If you opted to invest half the £'s in UK stock, keep the other other £'s under the bed, and invested half the US$ in US stocks, kept the other half of US$ under the bed ... then you'd have seen the value gain +2.5%/year relative to RPI inflation.
If all of the £'s were invested in UK stocks, all of the $'s invested in US stocks, then the value would have gained over +6%/year relative to RPI
For UK £'s a FT All Share tracker fund and for US$'s a US S&P500 tracker fund are good enough. Accumulation funds are better as that avoids having to manage dividends (that maybe incur costs in the process). And each of those can be held for 0.06%/year (fund) costs (in both cases Unit Trusts i.e. HSBC's S&P500 fund, and Vanguards UK FT All Share fund).
iweb is another broker that looks reasonable to me for avoiding the £10/month cost, but does incur costs in other ways such as trading in/out of currencies rather than being able to leave currencies as-is. Here are iWeb's links to those funds ...
https://www.markets.iweb-sharedealing.c ... 00B3X7QG63
https://www.markets.iweb-sharedealing.c ... 00B80QG615
Many don't see gold as a currency and hate the idea of holding any other than perhaps just a little. But at times it is the currency that shines relative to others such as the primary reserve currency (US$) and/or our domestic currency (£). At other times it lags, that's just the way the cookie crumbles. Diversifying equally across all three can be better than being heavily concentrated into one alone- as in all cases (concentration risk is one of the greatest risks).
The image below shows the total return accumulation/growth where £ and $ were invested in their respective stocks/funds (excluding costs/taxes and assuming rebalancing all three back to around equal weightings/value each year). It's a thumbnail image so you have to click it to see a larger/readable version
Whether you prefer to hold all of £ and $ currencies in their respective stock markets, or just part, and perhaps where some of £'s for instance are instead kept in a savings account earning interest ... or whatever, is a personal comfort factor.
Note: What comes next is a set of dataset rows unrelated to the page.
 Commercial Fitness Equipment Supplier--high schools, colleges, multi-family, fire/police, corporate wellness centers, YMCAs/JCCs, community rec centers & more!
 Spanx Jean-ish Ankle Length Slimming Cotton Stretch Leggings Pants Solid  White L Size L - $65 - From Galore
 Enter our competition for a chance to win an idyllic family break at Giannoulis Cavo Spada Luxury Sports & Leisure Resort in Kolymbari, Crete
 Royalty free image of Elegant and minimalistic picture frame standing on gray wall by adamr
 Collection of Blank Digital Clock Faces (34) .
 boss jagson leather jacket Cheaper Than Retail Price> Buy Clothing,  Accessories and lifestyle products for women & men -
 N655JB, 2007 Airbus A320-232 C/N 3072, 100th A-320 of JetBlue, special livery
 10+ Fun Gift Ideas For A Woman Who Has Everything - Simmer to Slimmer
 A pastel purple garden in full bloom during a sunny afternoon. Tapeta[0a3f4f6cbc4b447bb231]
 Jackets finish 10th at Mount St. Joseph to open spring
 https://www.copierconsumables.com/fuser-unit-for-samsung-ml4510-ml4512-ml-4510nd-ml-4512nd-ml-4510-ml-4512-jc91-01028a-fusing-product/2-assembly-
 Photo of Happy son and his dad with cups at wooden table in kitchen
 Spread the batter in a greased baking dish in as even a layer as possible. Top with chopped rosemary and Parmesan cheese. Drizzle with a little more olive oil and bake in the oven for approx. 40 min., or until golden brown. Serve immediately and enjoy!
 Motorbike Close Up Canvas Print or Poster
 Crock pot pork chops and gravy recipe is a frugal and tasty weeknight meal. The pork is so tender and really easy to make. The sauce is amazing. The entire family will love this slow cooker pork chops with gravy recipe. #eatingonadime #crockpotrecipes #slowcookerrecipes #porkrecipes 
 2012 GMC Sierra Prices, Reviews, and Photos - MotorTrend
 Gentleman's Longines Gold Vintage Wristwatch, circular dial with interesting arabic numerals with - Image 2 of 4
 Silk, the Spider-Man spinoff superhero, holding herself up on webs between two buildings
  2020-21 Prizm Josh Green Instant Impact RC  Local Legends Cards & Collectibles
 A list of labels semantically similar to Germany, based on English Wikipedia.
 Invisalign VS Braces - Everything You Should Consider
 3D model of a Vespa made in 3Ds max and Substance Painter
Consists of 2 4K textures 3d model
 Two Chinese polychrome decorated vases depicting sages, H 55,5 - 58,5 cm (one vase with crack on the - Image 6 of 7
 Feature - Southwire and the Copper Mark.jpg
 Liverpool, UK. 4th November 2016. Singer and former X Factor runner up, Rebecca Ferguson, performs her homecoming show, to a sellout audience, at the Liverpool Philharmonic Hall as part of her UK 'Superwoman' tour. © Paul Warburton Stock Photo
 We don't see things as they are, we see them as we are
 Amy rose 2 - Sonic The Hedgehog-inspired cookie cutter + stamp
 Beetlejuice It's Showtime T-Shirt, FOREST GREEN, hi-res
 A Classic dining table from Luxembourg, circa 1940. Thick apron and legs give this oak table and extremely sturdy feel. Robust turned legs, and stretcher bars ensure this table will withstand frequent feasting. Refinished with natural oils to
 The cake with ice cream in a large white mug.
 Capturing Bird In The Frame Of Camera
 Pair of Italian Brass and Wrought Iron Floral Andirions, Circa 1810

Some say its best to neither be fully in hard currencies (stuffed under a bed), nor all in stock. Markowitz for instance (an American economist) originally opted for 50/50 on the basis that
if the stock market rose a great deal, I would regret it if I was completely out of it. Conversely, if stocks fell a great deal and I had nothing in bonds I would also have regrets. So, my 50-50 split minimised maximum regret
But for others higher potential rewards from all-stock may take precedence over the lower potential rewards from 50/50 stock/cash
Benjamin Graham also liked 50/50, but with a range of no less than 25% stock, no more than 75% stock optionality. i.e. a conservative investor should hold at least 25% in stocks. As a extension to that earlier image for instance if £'s were kept as hard currency under the bed, all of $'s were invested in US stocks, then that provided a +2.3%/year benefit relative to RPI inflation. And of course if instead those £'s were deposited in a savings account earning interest, then that would have further enhanced rewards.